Tuesday, October 11, 2005

Do new cameras make a difference?

Recently I've read about more and more photographers turning from digital to film cameras. Many of them never took photographs seriously before the digital age and now that they've discovered the joys of capturing an image, well it's natural that they want to find ways of improving their photography.

I've written before about the fascination photographers have with the technology involved in making an image. Judging by the latest trend of photographers turning to film, and praising it, I think that the ever present marketing spin has lodged firmly in their minds.

What's the spin you may ask? Well the heart of it is that using a different camera or medium like film or digital is going to improve your photography. Of course that's nonsense. I see many photographers not quite getting the results they want with their digital SLRs. So what do they do? Switch to film. If you are such a photographer my advice is stick to the minimum equipment you can. Travel light. Pick the right lens for the job and stick with it.

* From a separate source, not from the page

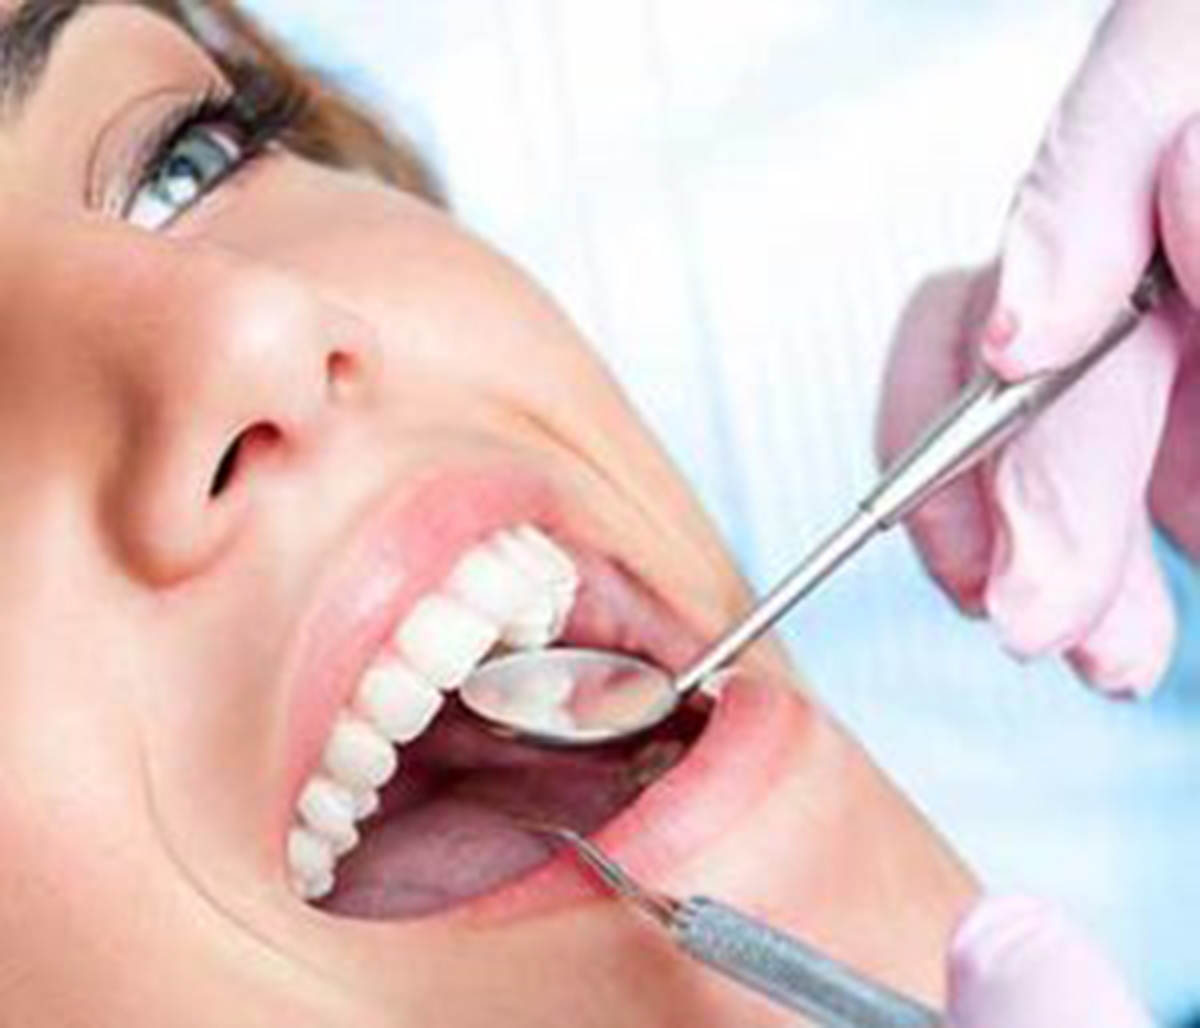 biologic dentist provides gentle, advanced treatment
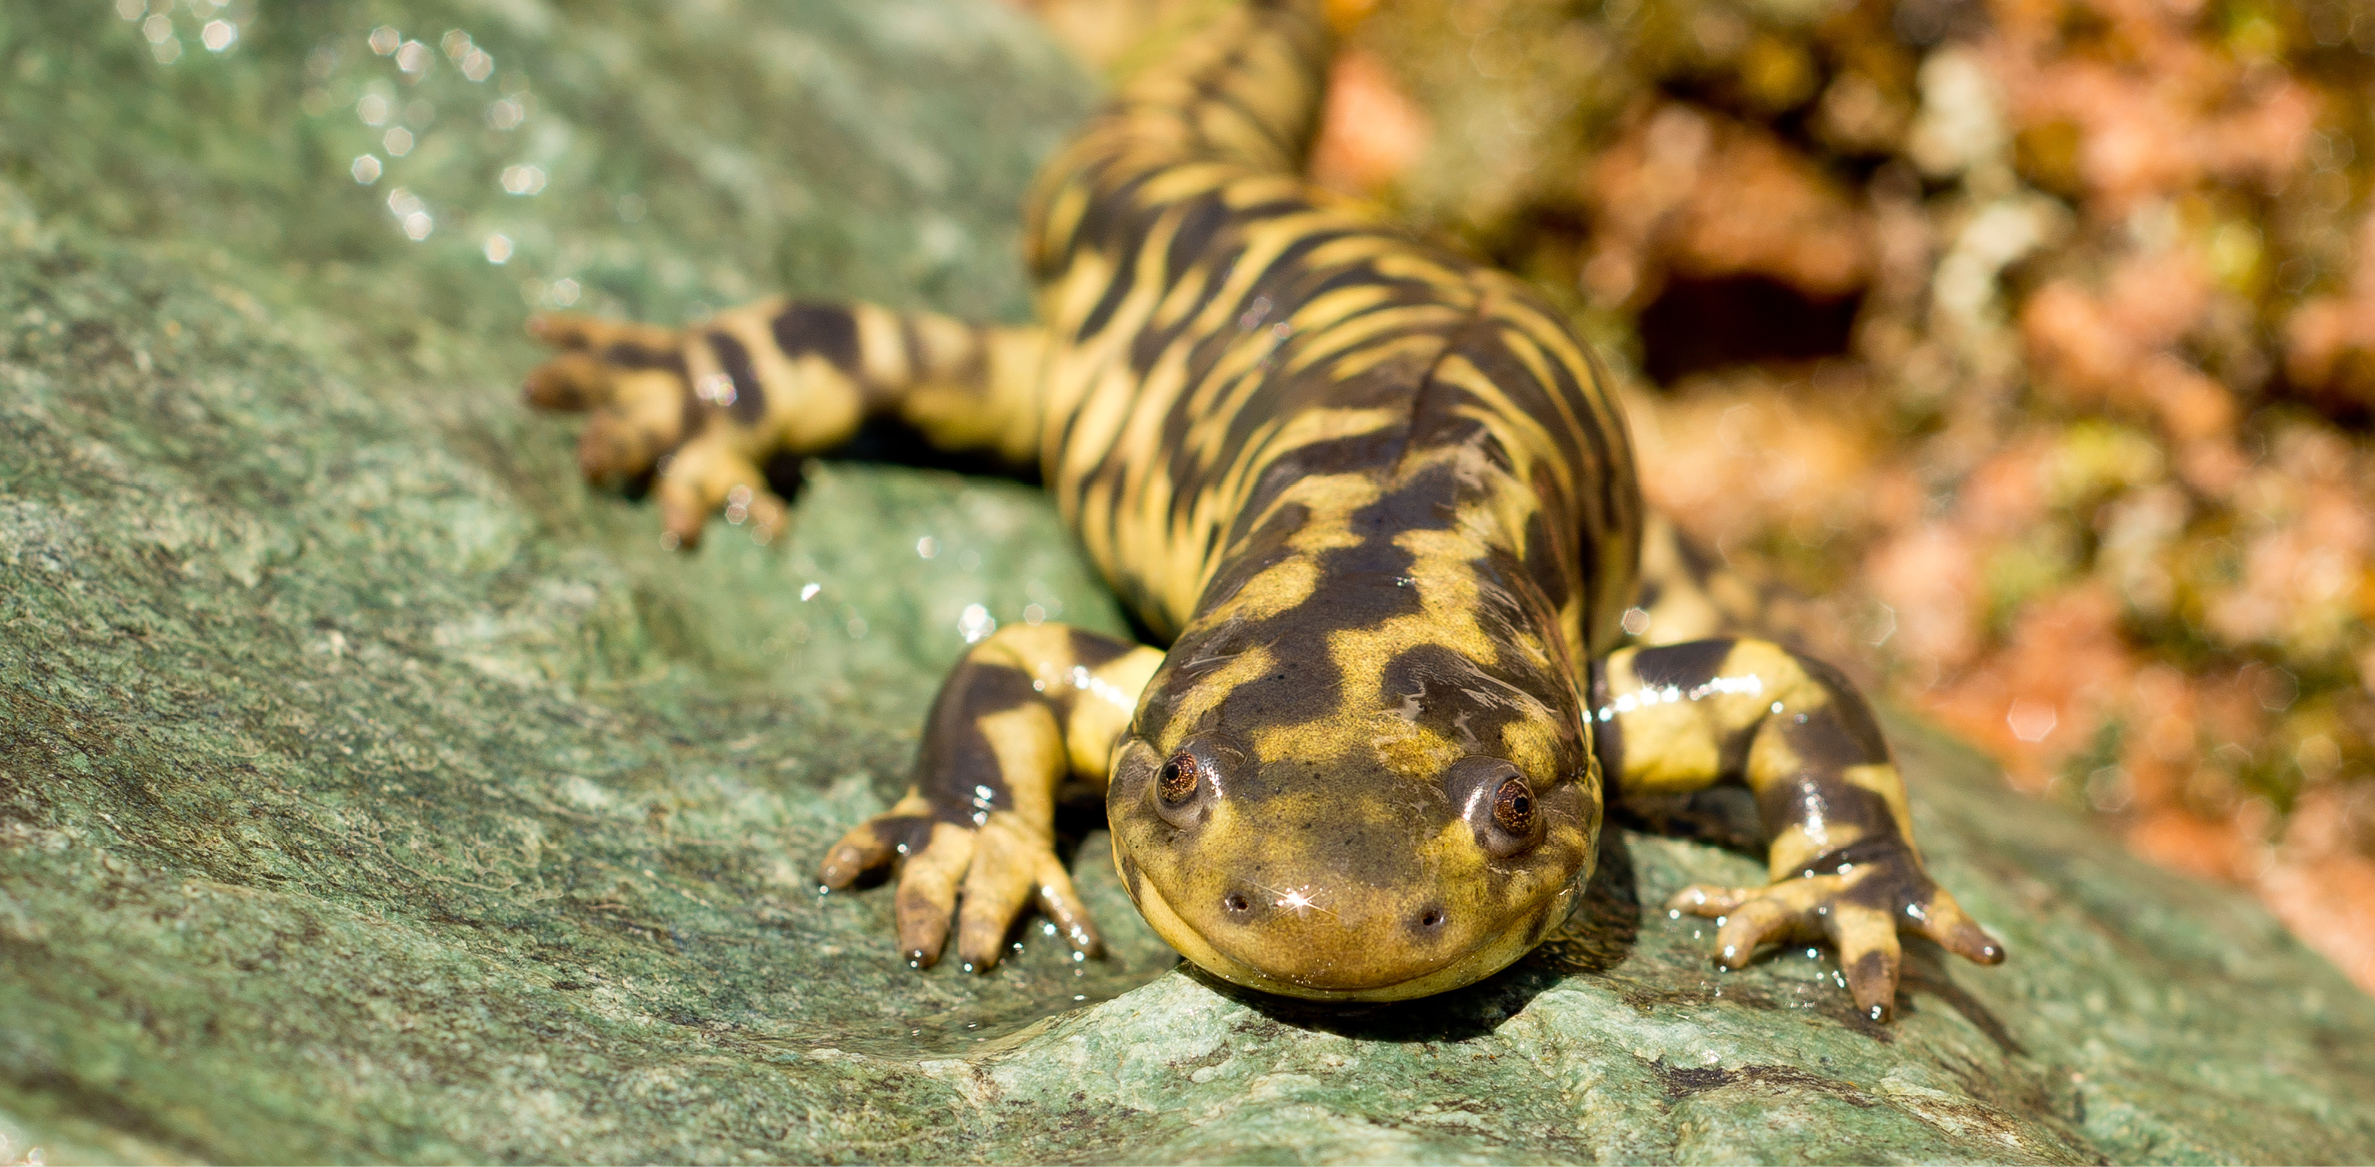 Tiger salamander photo

Switching cameras or from film to digital or the other way round is purely a question of workflow. Yes the fine aesthetics of the results are different. Each medium has it's own quality but you have to be a really exceptionally talented and visionary photographer to extract the benefits and play to the strenghts of the different media.

Concentrate on improving your images. Not on equipment. Time and again it's been shown that if you put a disposable camera with a crap lens in the hands of a talented photographer she'll get an interesting result, the product of a creative vision. So equipment really doesn't make one a better photographer.

There is a rider on what I've said above. Using new equipment can stimulate a photographer's creative vision. Any new technology can inspire. I remember when I first used a super wide lens. Mind you it took awhile of trying things before I got my first really good photograph. But yes, it can stimulate creativity.

To sumarise: the main thing is to concentrate on improving your images. All the best photographers know their equipment inside out. That's the answer. Not switching from digital to film. You'll probably switch back again in two months and upgrade to a more expensive digital camera, still chasing that elusive improvement in your photography.

As always, your comments are welcome.